For prevention of invasive fungal infections appoint 200 mg 3 times a day. The duration of preventive treatment depends on the duration of neutropenia in hematological patients or the severity of immunosuppression in recipients of hematopoietic stem cell transplants. Patients with acute myeloid leukemia or myelodysplastic syndrome should receive prophylactic treatment several days before the expected onset of neutropenia and continue for 7 days after an increase in the number of neutrophils to a level of more than 500 / μl.

Side effects:

From the side blood: thrombocytopenia, neutropenia, eosinophilia, anemia, bleeding, thrombocytopenic purpura, pancytopenia, impaired blood clotting.

From the side nervous system: paresthesia, fainting, convulsions, neuropathy, blindness of sight, hearing impairment, scotoma, diplopia, encephalopathy, tremor, hypoesthesia, depression, psychosis.

From the side gastrointestinal tract: vomiting, abdominal pain, dyspepsia, dry mouth, anorexia, pancreatitis, ulceration of the oral mucosa, intestinal obstruction, cholestatic hepatitis, hepatosplenomegaly, liver soreness, nausea, diarrhea, flatulence, bloating, increased bilirubin content in the blood, damage to hepatocytes, gastrointestinal bleeding, hepatic insufficiency, cholestasis, asterixis (hepatic tremor).

From the side musculoskeletal system: back pain.
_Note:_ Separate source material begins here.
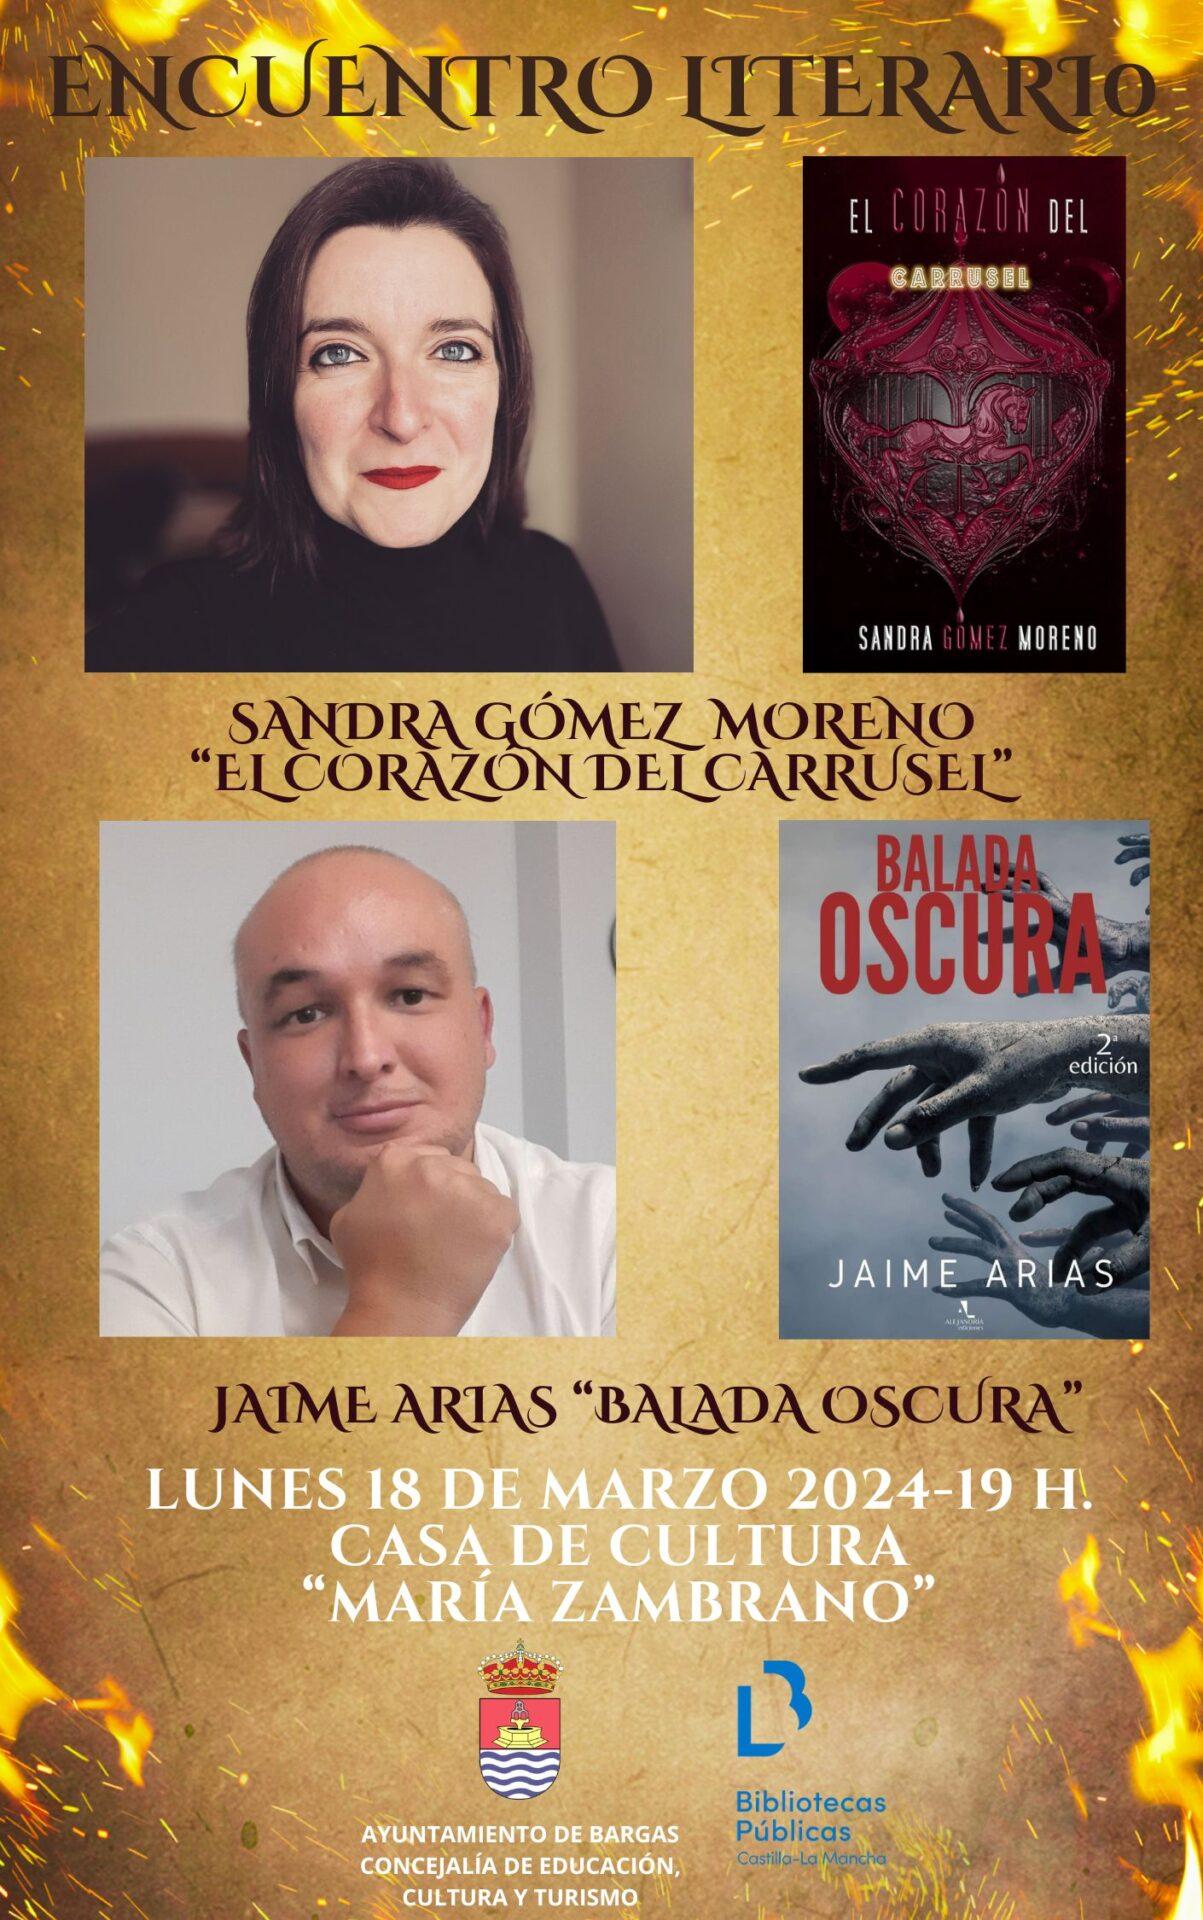 Encuentro literario con Sandra Gómez Moreno y Jaime Arias

From the side respiratory system: pneumonitis, pulmonary hypertension, interstitial pneumonia.

From the side of cardio-vascular system: interval lengthening QTc/QT, palpitation, ventricular arrhythmia such as "pirouette", ventricular tachycardia, heart failure, cerebral circulation disorder, ECG changes, increase or decrease in blood pressure, sudden death, cardiac and respiratory arrest, myocardial infarction, pulmonary embolism, deep vein thrombosis (unspecified).

From the side genitourinary system: renal failure, interstitial nephritis, menstrual irregularities, acute renal failure, increased serum creatinine, renal tubular acidosis, tenderness of the mammary glands.

Other: fever, fatigue, weakness, chills, tongue edema, allergic reactions, hyperglycemia, asthenia, swelling, pain, malaise, face swelling,violation of electrolyte balance.

Overdose:

Not described.

Interaction:

Cimetidine reduces the concentration of the drug in the blood.

Do not use simultaneously with efavirenz, everolimus, pimozide, halofantrine.

The drug slows the excretion of other drugs,which are metabolized by the enzyme CYP3A47 (increases their maximum concentration in plasma): atazanavir, atorvastatin (risk of rhabdomyolysis), Bosutinib, vemurafenib, vinblastine (can cause neurotoxic reactions), vincristine (can cause neurotoxic reactions), vismodegib, dihydroergotamine (risk of ergotism development), digoxin, diltiazem, Lachinimod, lovastatin (risk of rhabdomyolysis), midazolam, nifedipine, ranolazine, rilpivirine, simvastatin (risk of rhabdomyolysis), sirolimus, tacrolimus, ergotamine (risk of development of ergotism), etravirine.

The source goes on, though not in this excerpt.